* _REQUIRED WORK_
Copy out exactly the lines below that run from the one holding "An extensive Hornsea" to the one holding "Paper Lily by", keeping both of those lines and no others.
** MATERIAL FOR THIS TASK follows **
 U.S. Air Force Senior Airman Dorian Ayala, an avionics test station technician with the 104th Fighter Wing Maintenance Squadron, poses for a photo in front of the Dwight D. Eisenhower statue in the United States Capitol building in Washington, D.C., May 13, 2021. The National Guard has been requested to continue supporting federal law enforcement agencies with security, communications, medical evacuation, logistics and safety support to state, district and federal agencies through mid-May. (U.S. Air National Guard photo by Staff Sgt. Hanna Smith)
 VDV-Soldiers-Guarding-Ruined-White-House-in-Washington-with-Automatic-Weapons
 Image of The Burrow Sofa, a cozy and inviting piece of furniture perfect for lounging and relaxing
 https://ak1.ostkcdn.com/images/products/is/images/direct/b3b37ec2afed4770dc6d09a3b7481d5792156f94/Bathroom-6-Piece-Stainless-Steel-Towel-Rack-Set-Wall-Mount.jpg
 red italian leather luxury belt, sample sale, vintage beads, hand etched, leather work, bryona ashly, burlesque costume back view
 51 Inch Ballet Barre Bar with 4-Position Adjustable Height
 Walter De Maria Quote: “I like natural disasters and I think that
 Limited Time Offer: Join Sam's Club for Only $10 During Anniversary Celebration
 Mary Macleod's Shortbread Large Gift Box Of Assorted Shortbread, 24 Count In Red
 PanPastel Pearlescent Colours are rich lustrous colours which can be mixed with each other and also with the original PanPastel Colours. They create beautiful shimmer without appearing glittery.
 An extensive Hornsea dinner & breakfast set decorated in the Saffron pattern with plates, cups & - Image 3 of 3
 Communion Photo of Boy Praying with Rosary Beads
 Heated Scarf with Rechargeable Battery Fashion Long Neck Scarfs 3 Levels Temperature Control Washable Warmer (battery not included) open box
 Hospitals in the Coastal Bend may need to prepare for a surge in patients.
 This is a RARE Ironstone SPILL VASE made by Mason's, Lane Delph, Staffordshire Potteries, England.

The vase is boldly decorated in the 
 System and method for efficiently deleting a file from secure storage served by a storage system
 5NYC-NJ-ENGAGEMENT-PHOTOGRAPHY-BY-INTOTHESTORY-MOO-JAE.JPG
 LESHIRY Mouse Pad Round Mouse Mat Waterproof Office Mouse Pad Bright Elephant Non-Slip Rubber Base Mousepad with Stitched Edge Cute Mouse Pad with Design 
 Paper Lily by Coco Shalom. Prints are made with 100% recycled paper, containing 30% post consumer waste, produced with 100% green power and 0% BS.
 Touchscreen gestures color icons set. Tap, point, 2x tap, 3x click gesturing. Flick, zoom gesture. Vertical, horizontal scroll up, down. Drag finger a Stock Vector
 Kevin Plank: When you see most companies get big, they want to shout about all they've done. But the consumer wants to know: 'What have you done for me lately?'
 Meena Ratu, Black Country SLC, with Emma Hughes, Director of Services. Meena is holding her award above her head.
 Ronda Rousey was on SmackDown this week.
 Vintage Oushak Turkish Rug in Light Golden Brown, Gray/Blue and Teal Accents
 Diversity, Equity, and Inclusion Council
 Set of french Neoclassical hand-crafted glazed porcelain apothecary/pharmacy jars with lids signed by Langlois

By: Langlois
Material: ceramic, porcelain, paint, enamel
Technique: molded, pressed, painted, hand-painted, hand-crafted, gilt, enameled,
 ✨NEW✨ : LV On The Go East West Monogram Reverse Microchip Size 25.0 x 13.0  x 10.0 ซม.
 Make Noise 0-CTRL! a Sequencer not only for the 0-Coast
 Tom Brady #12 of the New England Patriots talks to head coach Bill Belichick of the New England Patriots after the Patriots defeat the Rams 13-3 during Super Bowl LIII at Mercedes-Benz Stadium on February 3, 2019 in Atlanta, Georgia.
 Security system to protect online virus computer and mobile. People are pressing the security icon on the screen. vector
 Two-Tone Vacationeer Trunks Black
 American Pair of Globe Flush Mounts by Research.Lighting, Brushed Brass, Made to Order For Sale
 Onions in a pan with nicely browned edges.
** End of MATERIAL FOR THIS TASK **
* _TASK ANSWER_
 An extensive Hornsea dinner & breakfast set decorated in the Saffron pattern with plates, cups & - Image 3 of 3
 Communion Photo of Boy Praying with Rosary Beads
 Heated Scarf with Rechargeable Battery Fashion Long Neck Scarfs 3 Levels Temperature Control Washable Warmer (battery not included) open box
 Hospitals in the Coastal Bend may need to prepare for a surge in patients.
 This is a RARE Ironstone SPILL VASE made by Mason's, Lane Delph, Staffordshire Potteries, England.

The vase is boldly decorated in the 
 System and method for efficiently deleting a file from secure storage served by a storage system
 5NYC-NJ-ENGAGEMENT-PHOTOGRAPHY-BY-INTOTHESTORY-MOO-JAE.JPG
 LESHIRY Mouse Pad Round Mouse Mat Waterproof Office Mouse Pad Bright Elephant Non-Slip Rubber Base Mousepad with Stitched Edge Cute Mouse Pad with Design 
 Paper Lily by Coco Shalom. Prints are made with 100% recycled paper, containing 30% post consumer waste, produced with 100% green power and 0% BS.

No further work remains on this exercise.